- EXTRACTED ENTRIES -
= Beginning of Section =
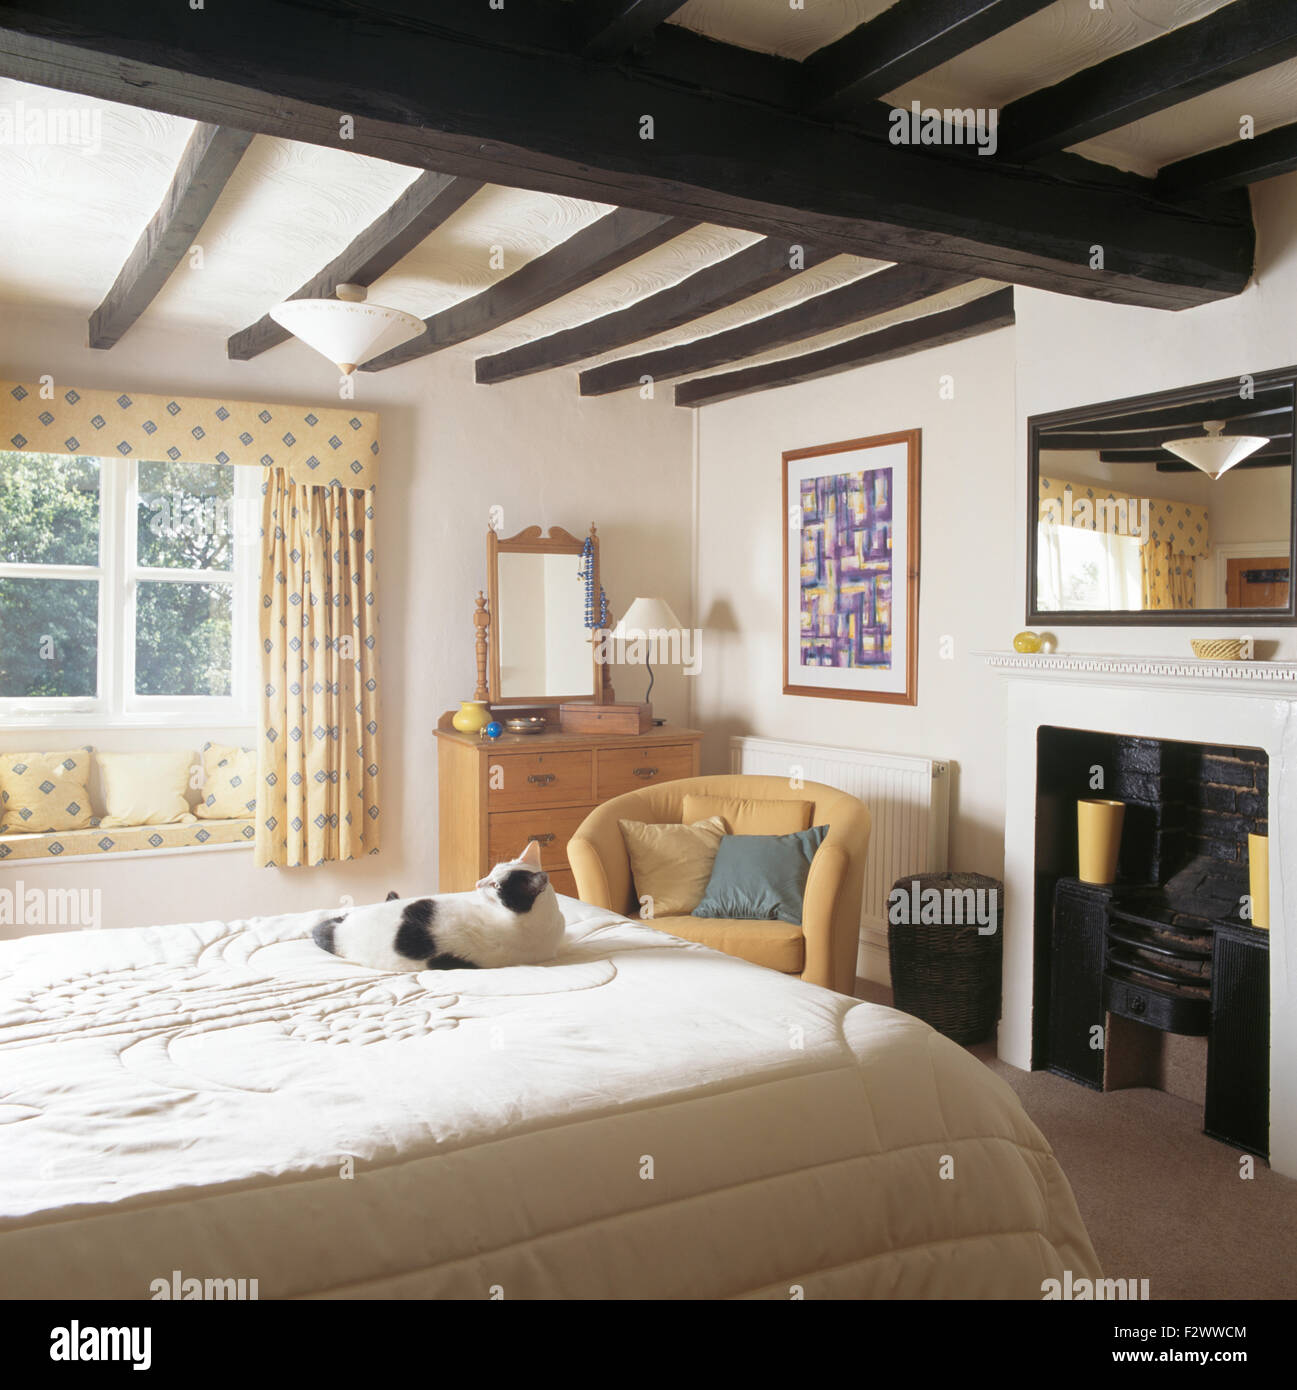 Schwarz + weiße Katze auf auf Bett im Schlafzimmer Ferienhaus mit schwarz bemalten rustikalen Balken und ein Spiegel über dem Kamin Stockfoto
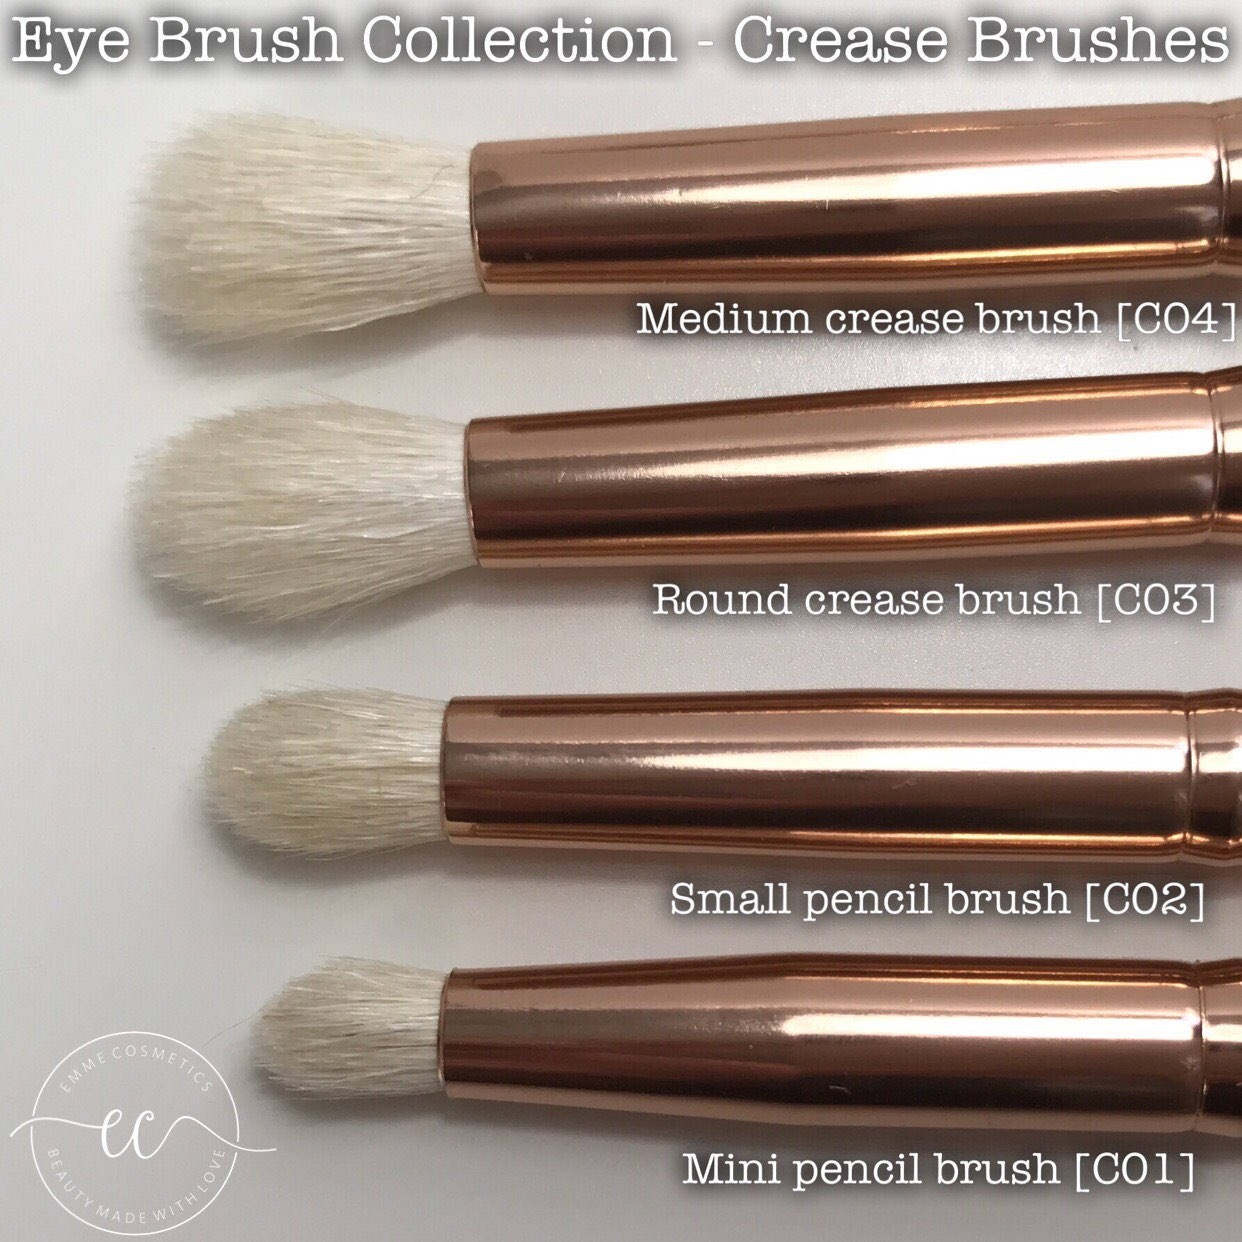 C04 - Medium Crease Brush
= End of Section =
= Beginning of Section =
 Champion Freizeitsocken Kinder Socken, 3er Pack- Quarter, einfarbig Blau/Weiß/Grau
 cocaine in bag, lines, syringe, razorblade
= End of Section =
= Beginning of Section =
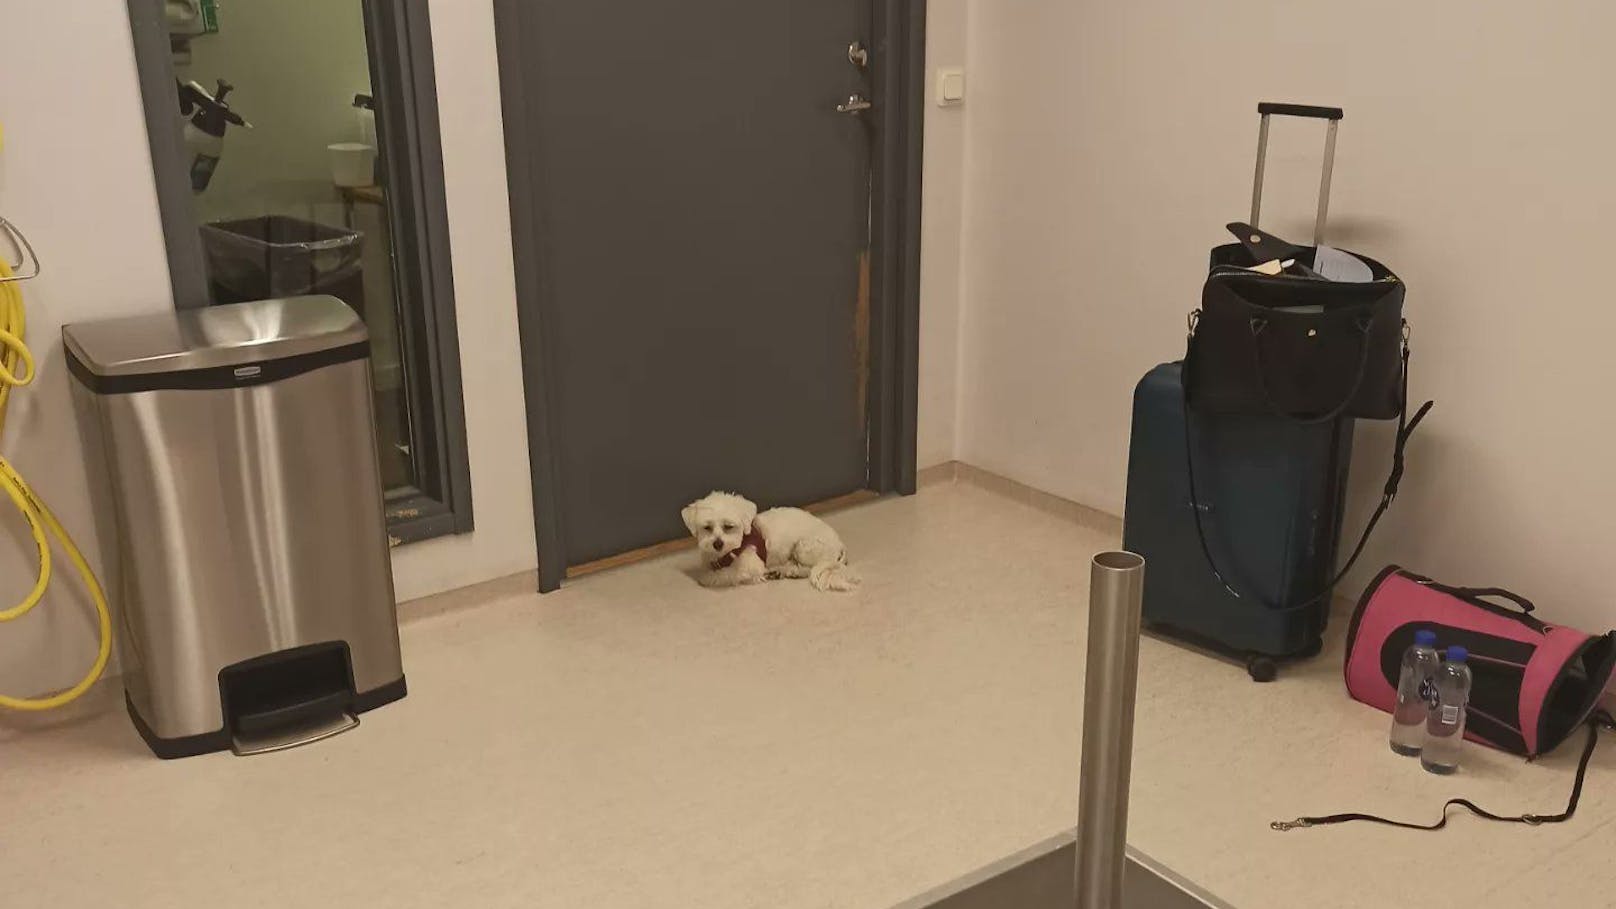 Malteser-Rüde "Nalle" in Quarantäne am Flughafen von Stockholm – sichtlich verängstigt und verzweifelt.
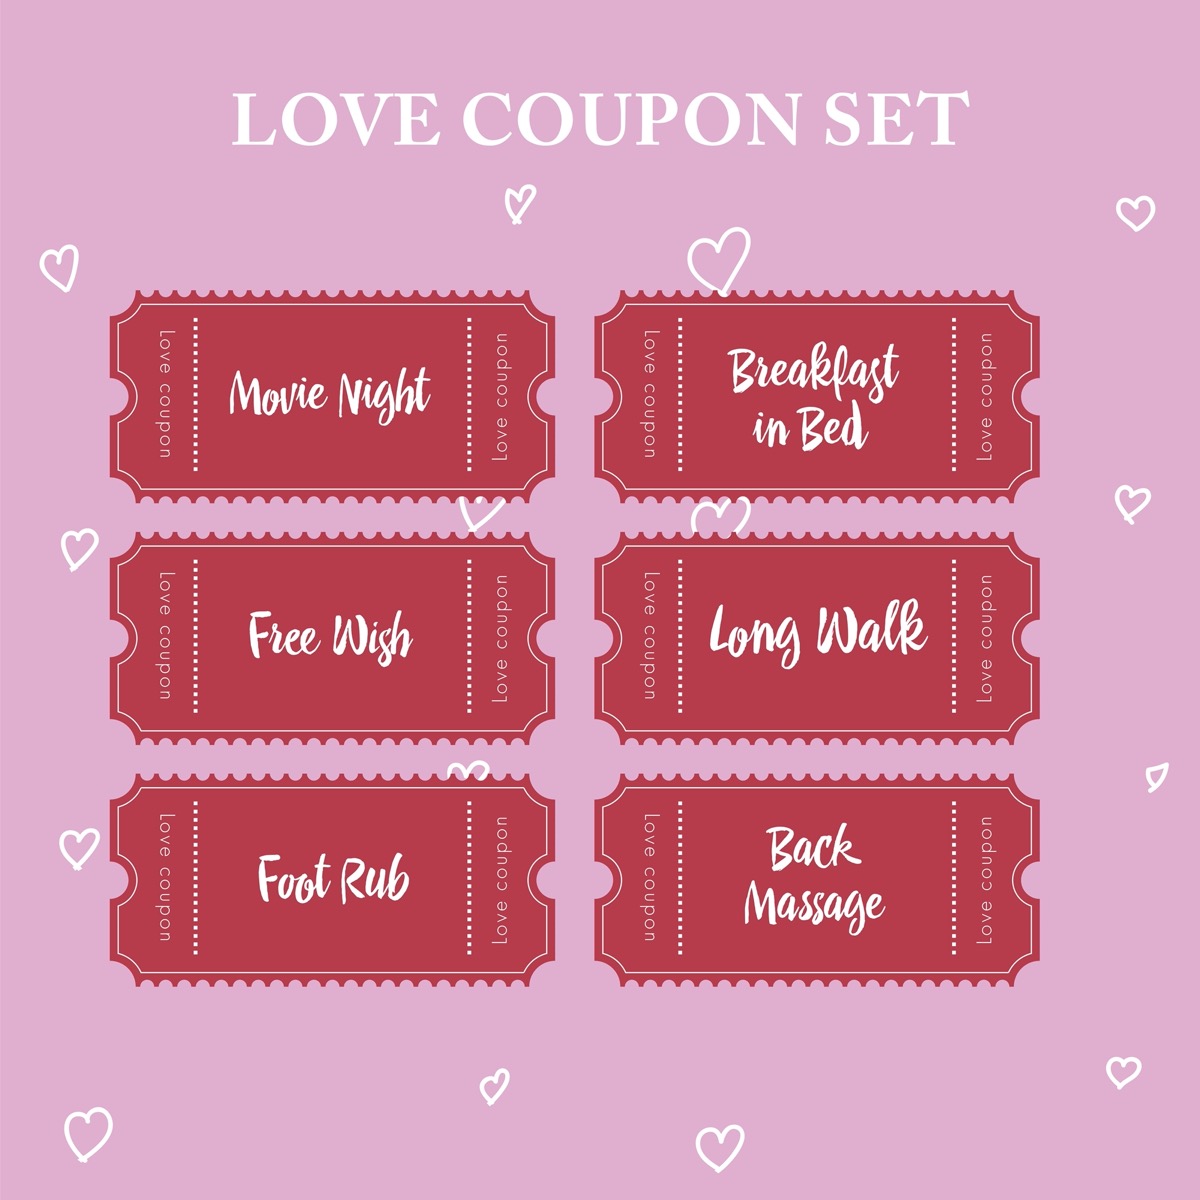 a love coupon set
= End of Section =
Give back exactly the lines above from the one with "Schwarz + weiße" through the one with "C04 - Medium Crease Brush", both included. Pictures don't belong in the copy.

- OUTPUT -
 Schwarz + weiße Katze auf auf Bett im Schlafzimmer Ferienhaus mit schwarz bemalten rustikalen Balken und ein Spiegel über dem Kamin Stockfoto
 C04 - Medium Crease Brush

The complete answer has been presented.